• What to do: Copy, word for word, the line containing "Somagic - Barbecue" and each line that follows it in the entries below; pictures do not belong in the copy.

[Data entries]
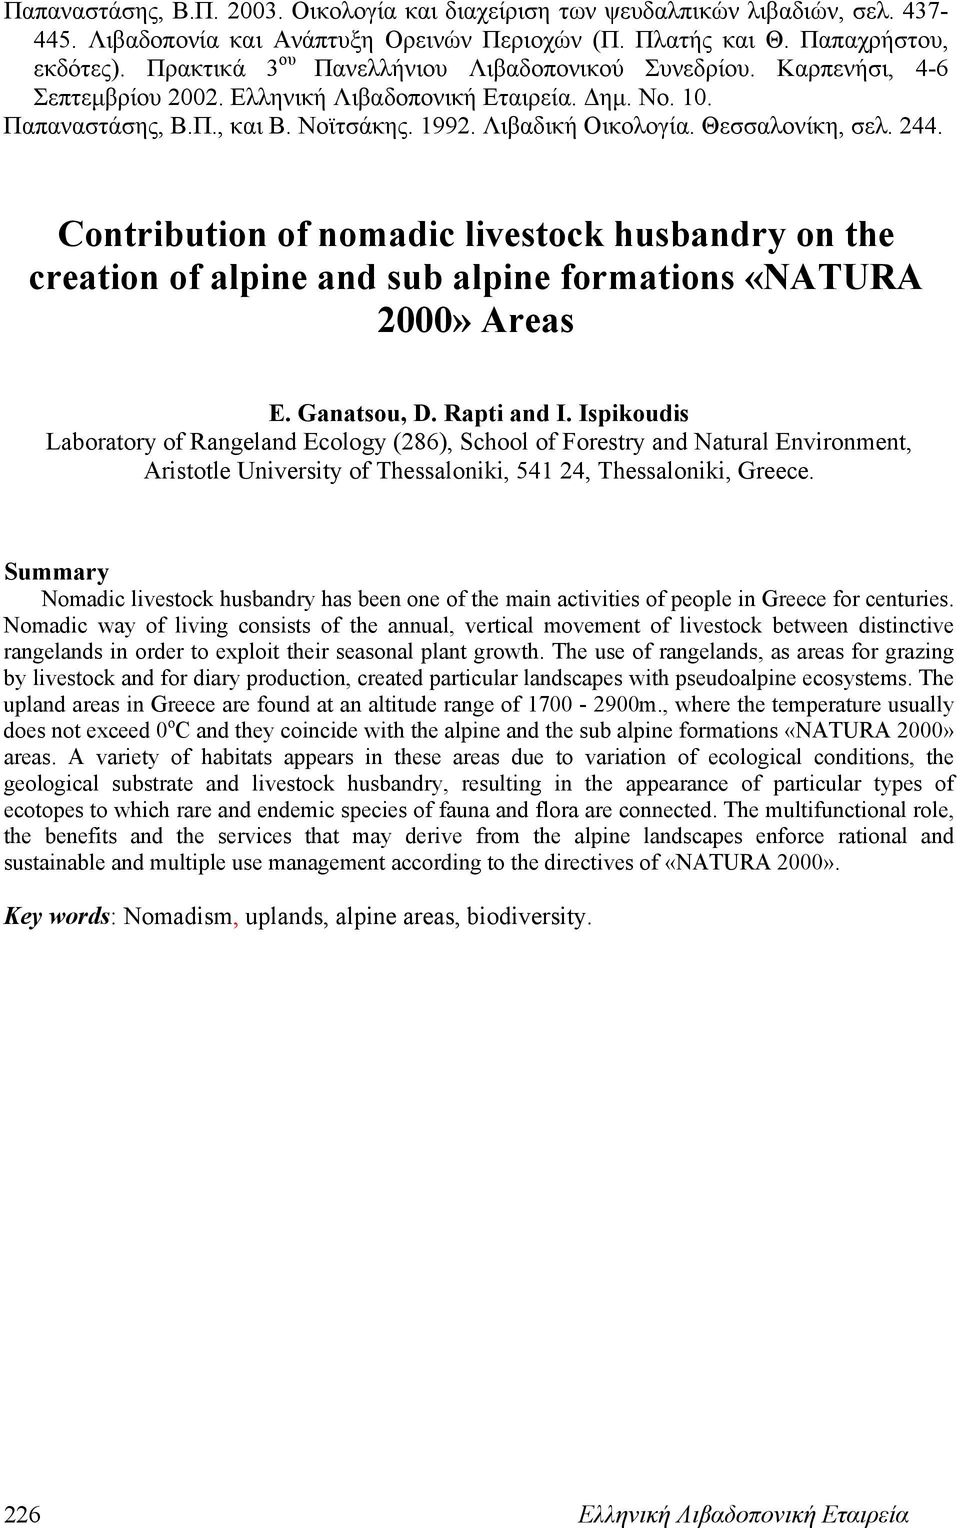 Θεσσαλονίκη, σελ. 244. Contribution of nomadic livestock husbandry on the creation of alpine and sub alpine formations «NATURA 2000» Areas E. Ganatsou, D. Rapti and I.
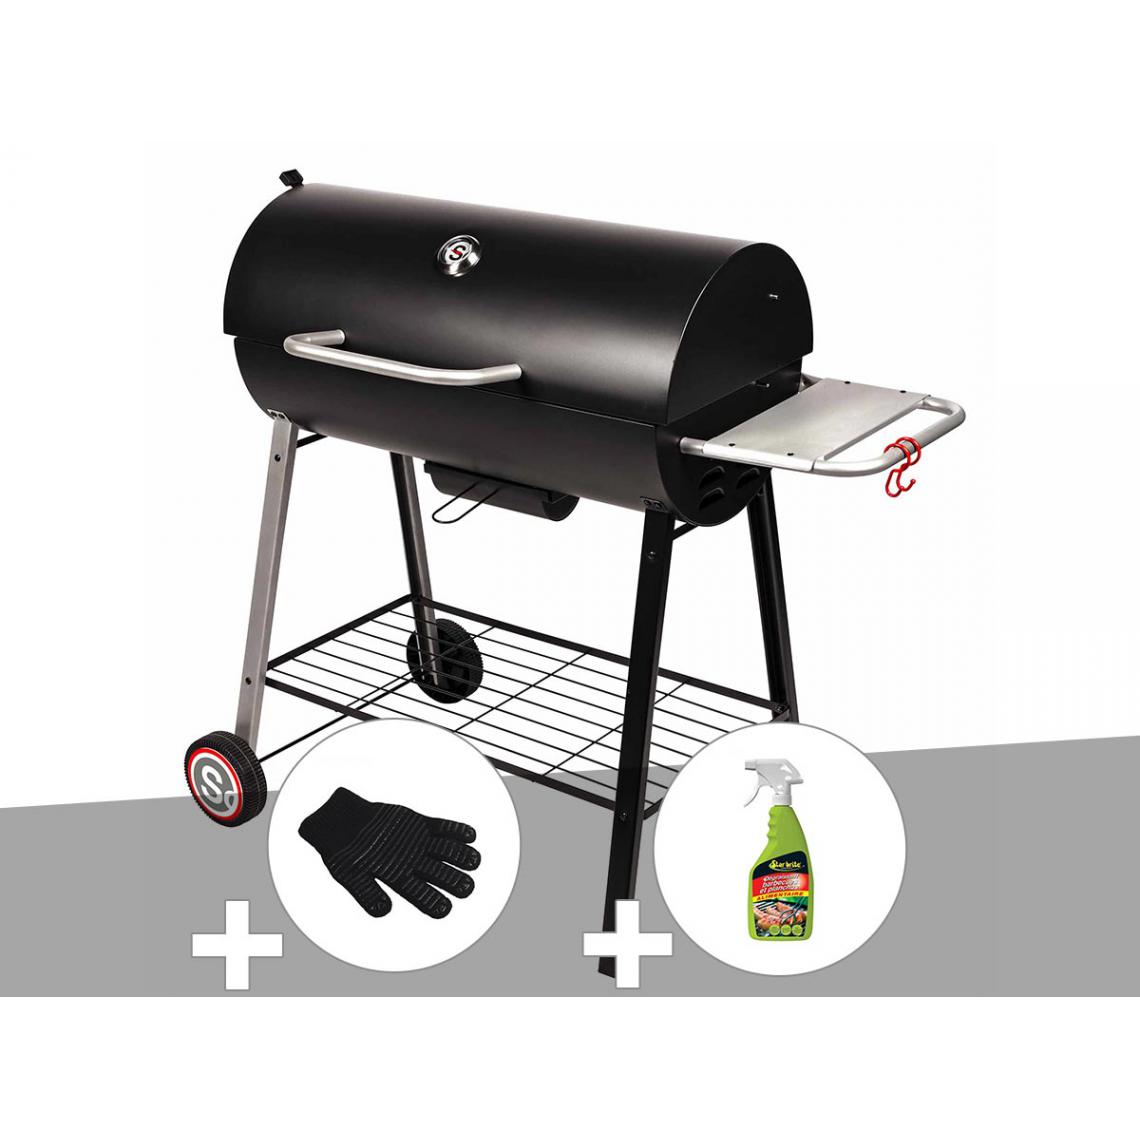 Somagic - Barbecue à charbon sur chariot Michigan - Somagic + Gant de protection + Dégraissant pour barbecue - Barbecues charbon de bois
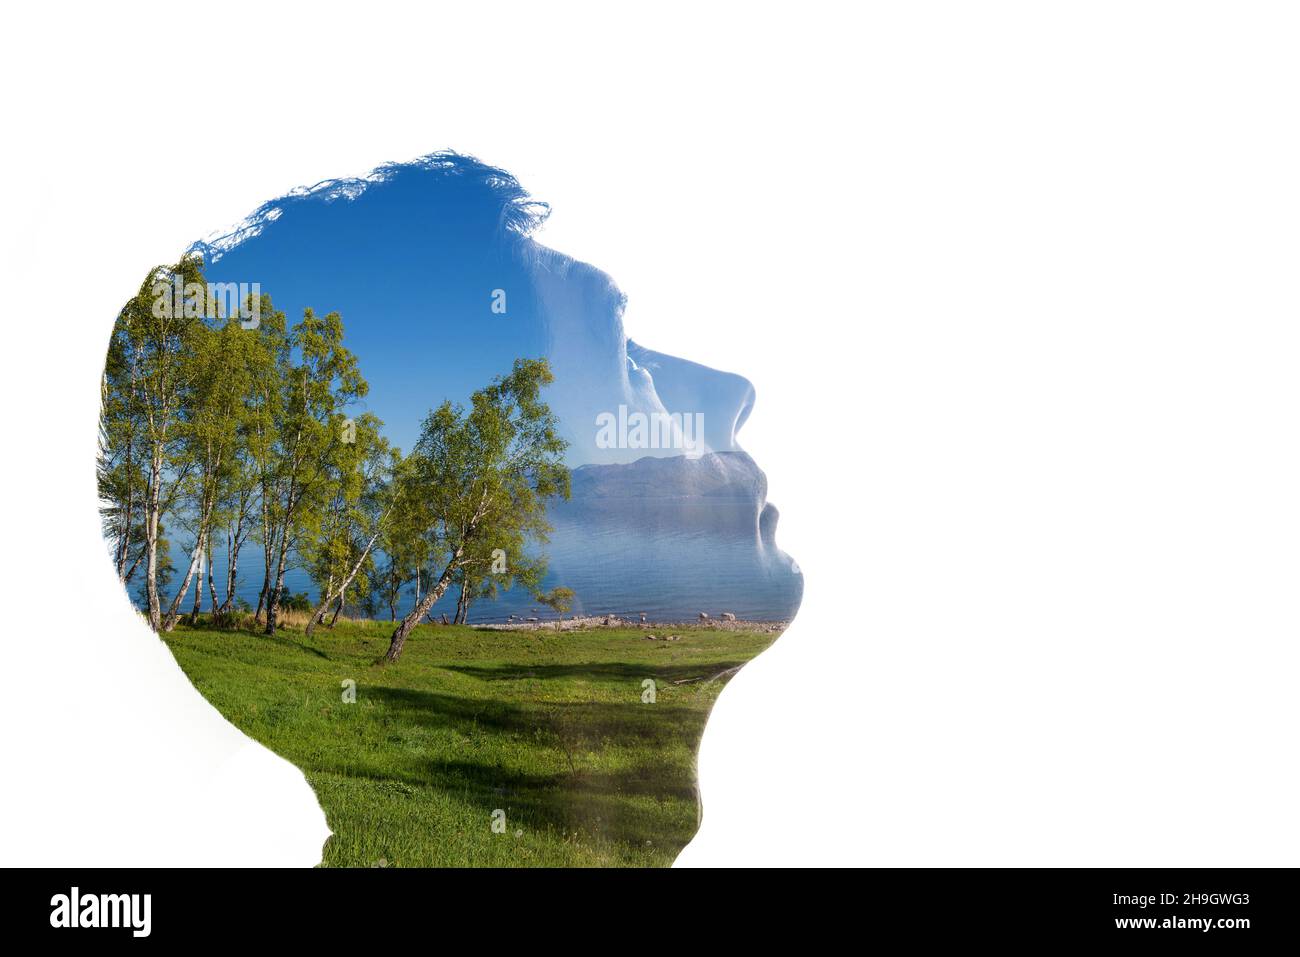 Kombination aus einer Silhouette eines Gesichts und einer Landschaft mit Bäumen, Gras, Himmel und Wasser. Konzept der Verbindung zwischen Mensch und Natur Stockfoto
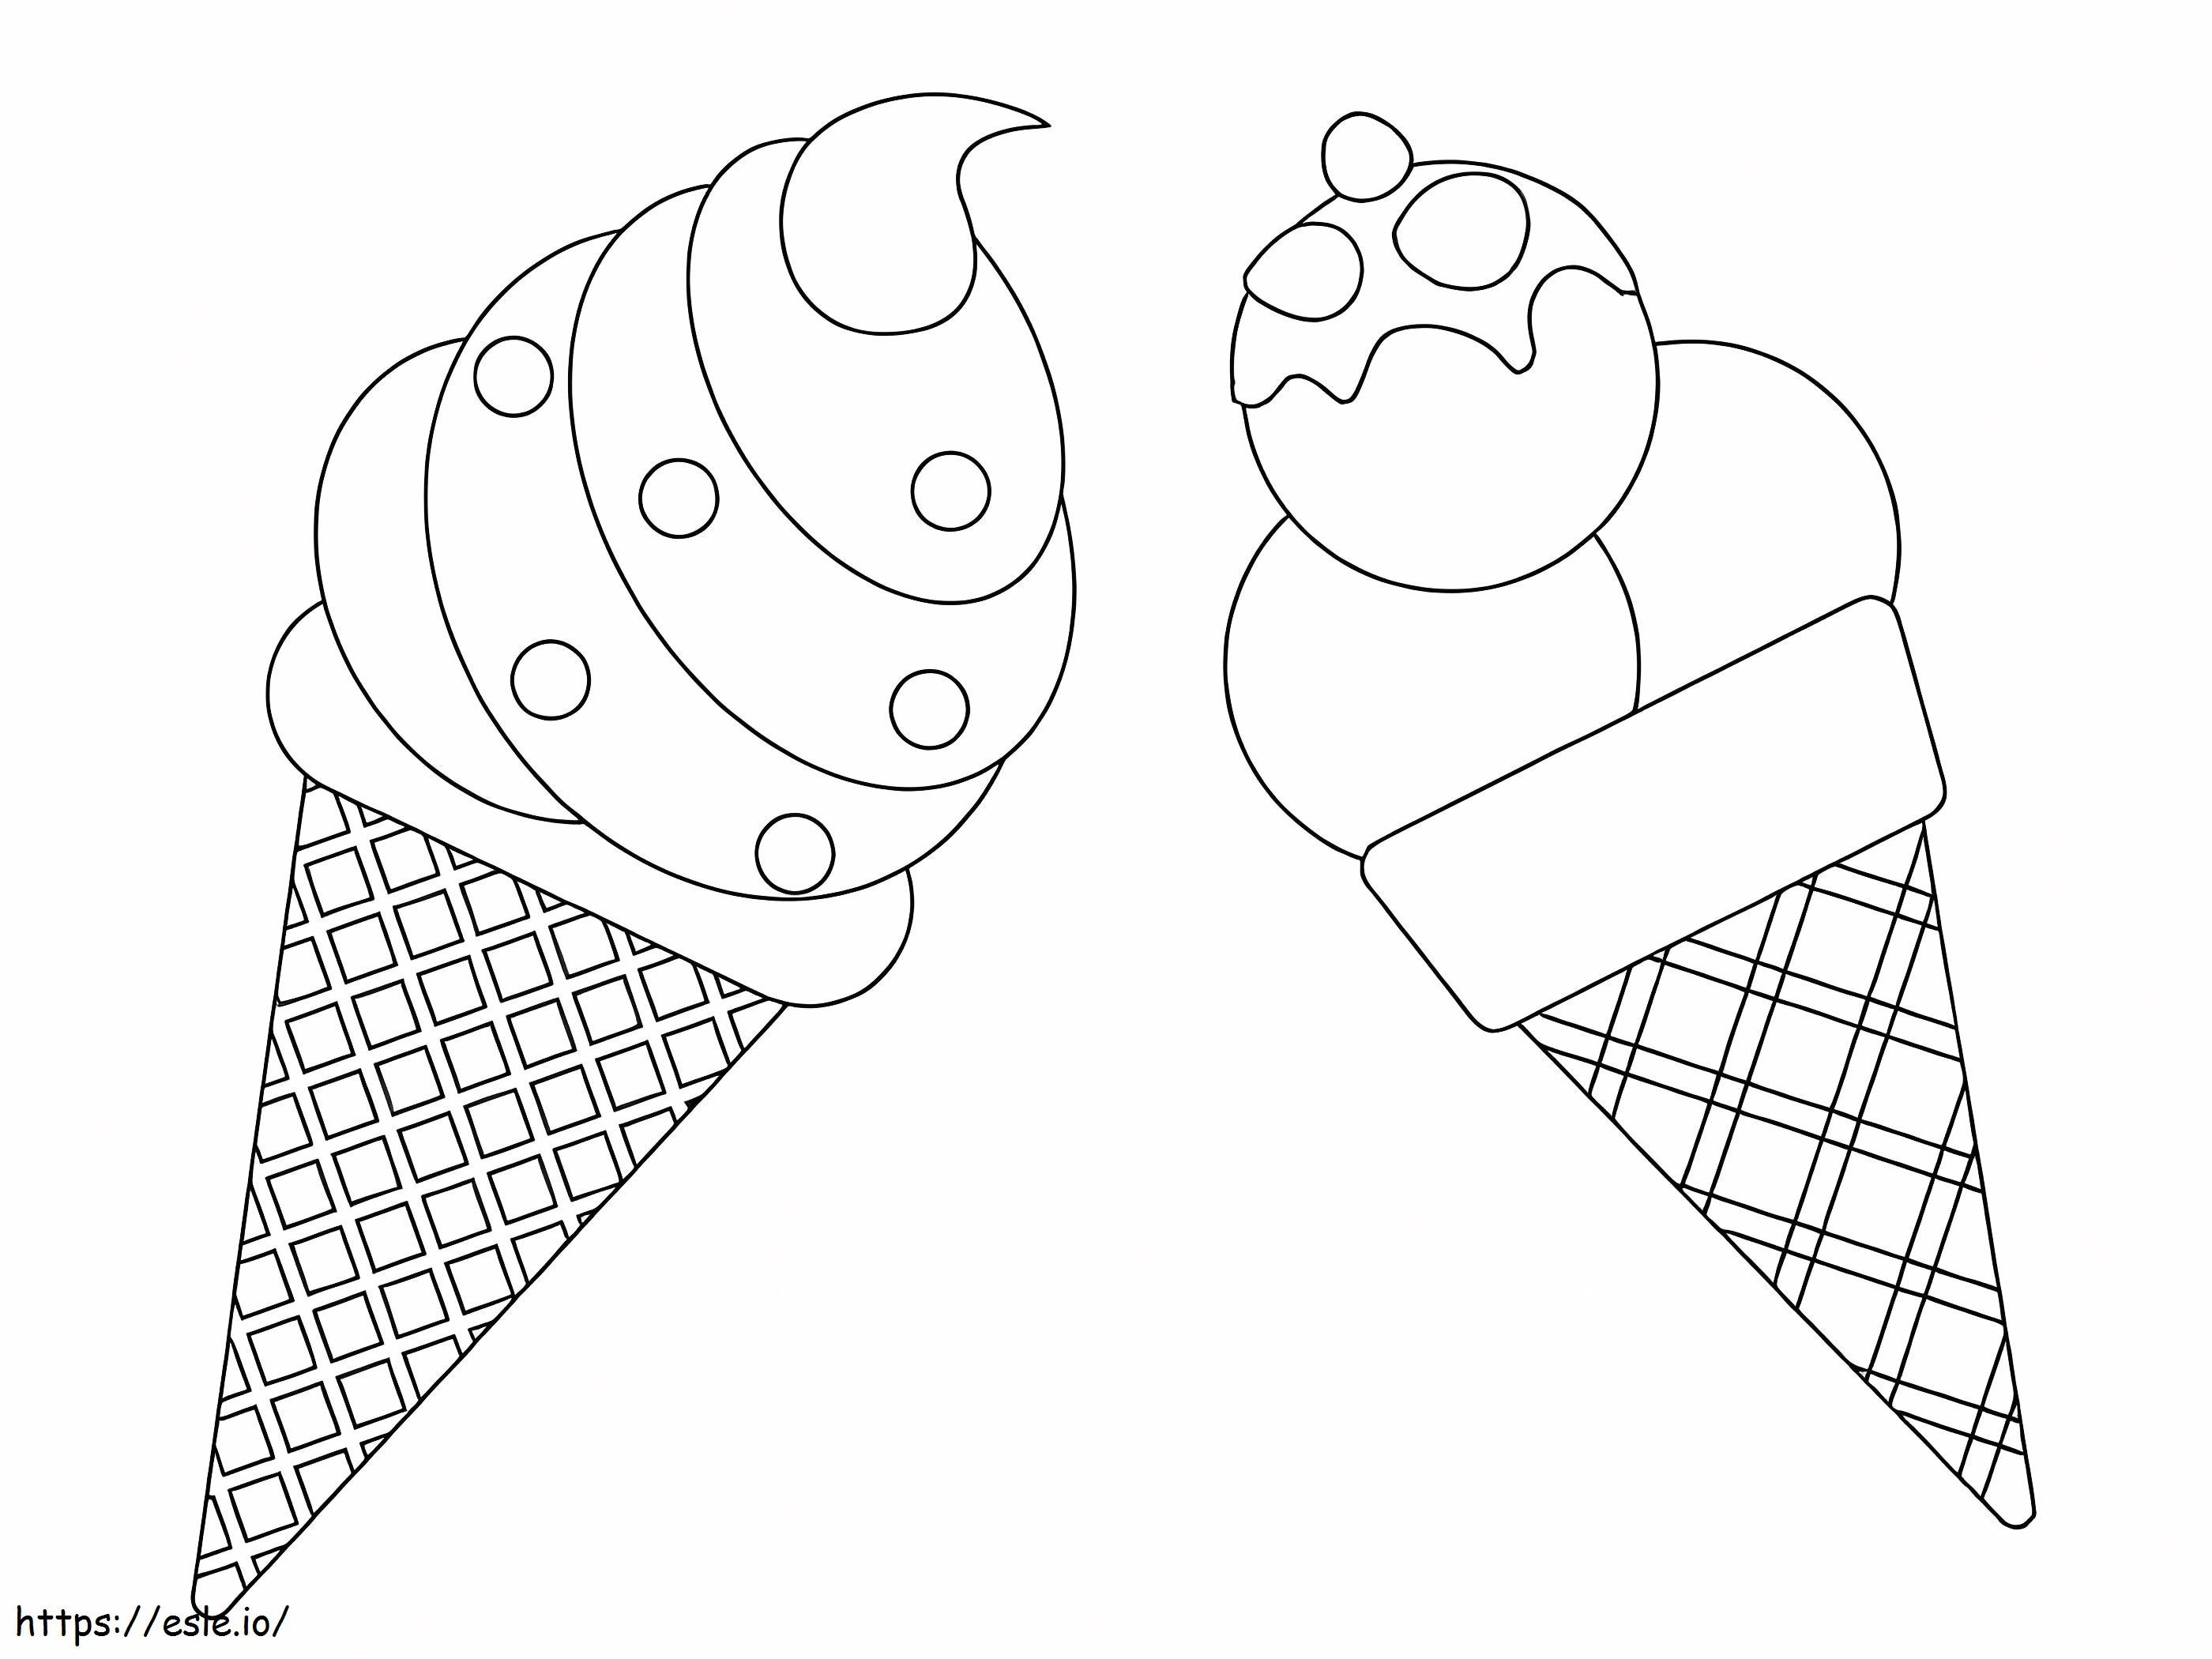 Coloriage Deux glaces à imprimer dessin
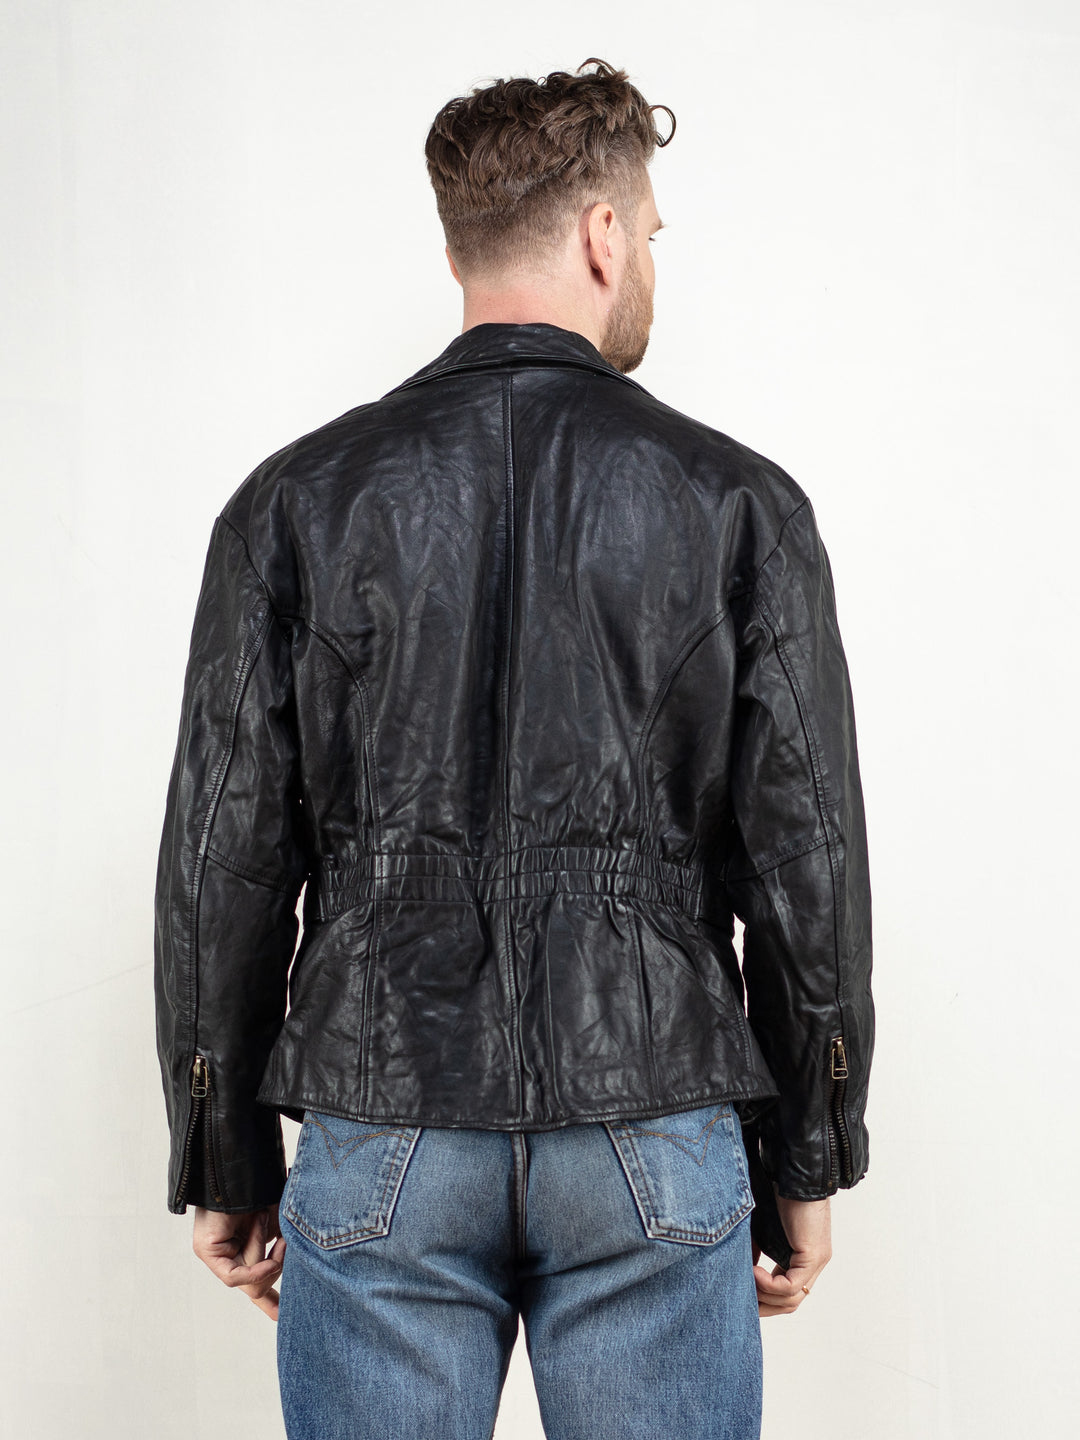 Vintage 90's Leather Biker Jacket

• Finished task:
 Somagic - Barbecue à charbon sur chariot Michigan - Somagic + Gant de protection + Dégraissant pour barbecue - Barbecues charbon de bois
 Kombination aus einer Silhouette eines Gesichts und einer Landschaft mit Bäumen, Gras, Himmel und Wasser. Konzept der Verbindung zwischen Mensch und Natur Stockfoto
 Coloriage Deux glaces à imprimer dessin
 Vintage 90's Leather Biker Jacket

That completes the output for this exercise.